**Exercise details**
Where the material below has a line containing "Ranka Hospital photo", start repeating exactly, and keep going through the line containing "Перчатки боксерские BoyBo", with no other lines.

**Data for the task**
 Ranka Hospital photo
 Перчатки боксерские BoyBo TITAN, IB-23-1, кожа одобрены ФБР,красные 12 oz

...

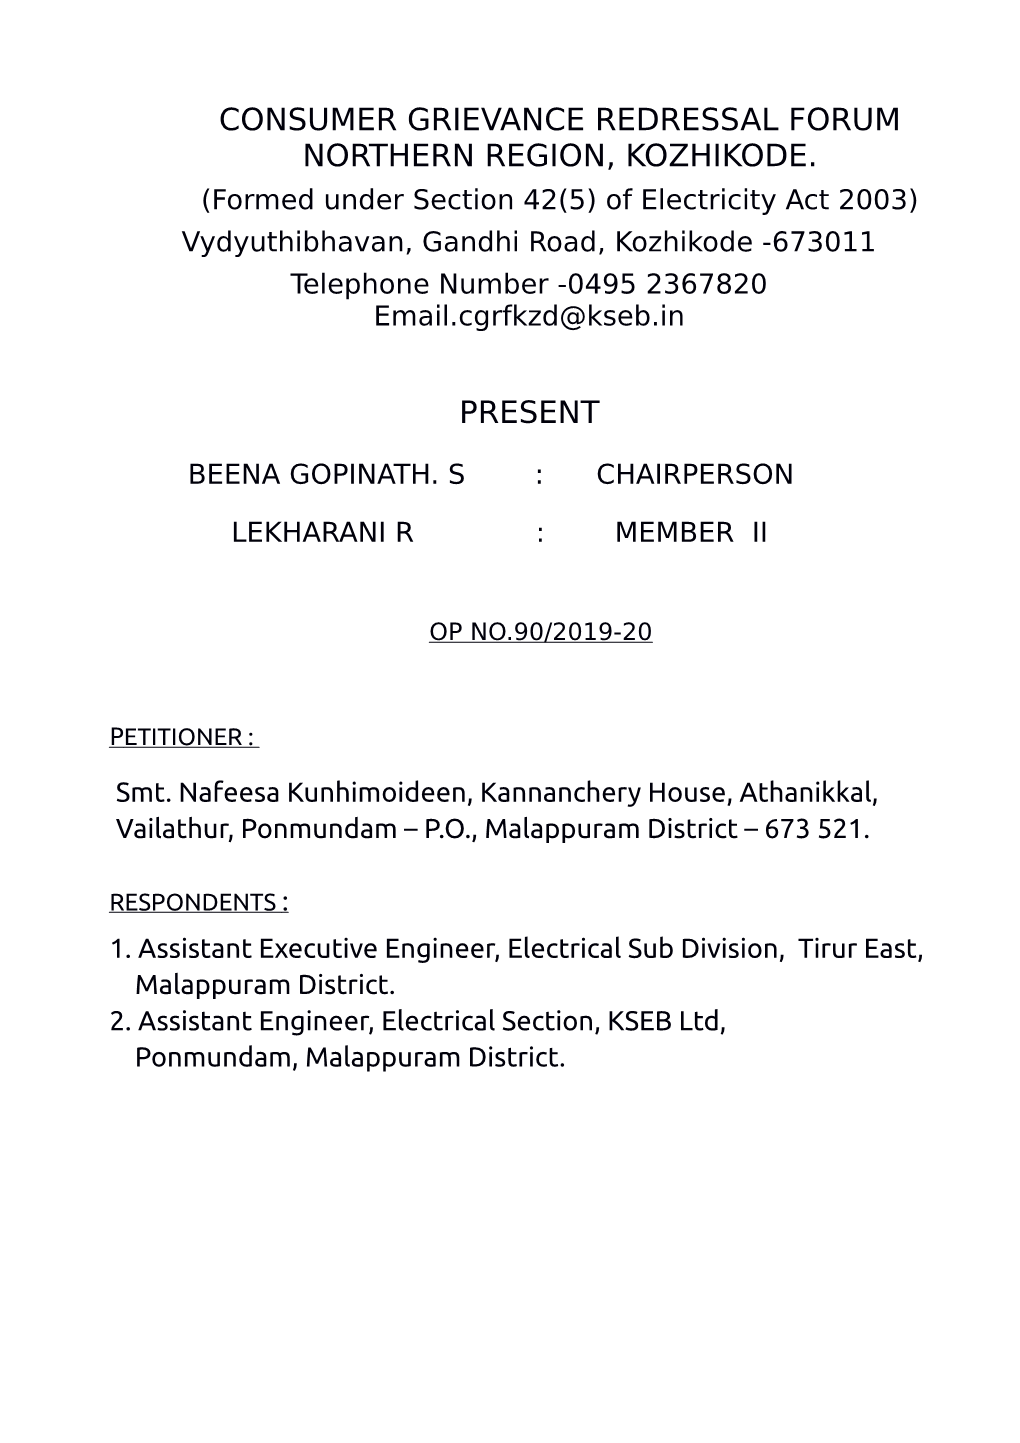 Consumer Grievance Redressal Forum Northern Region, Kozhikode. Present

**Problem solution**
 Ranka Hospital photo
 Перчатки боксерские BoyBo TITAN, IB-23-1, кожа одобрены ФБР,красные 12 oz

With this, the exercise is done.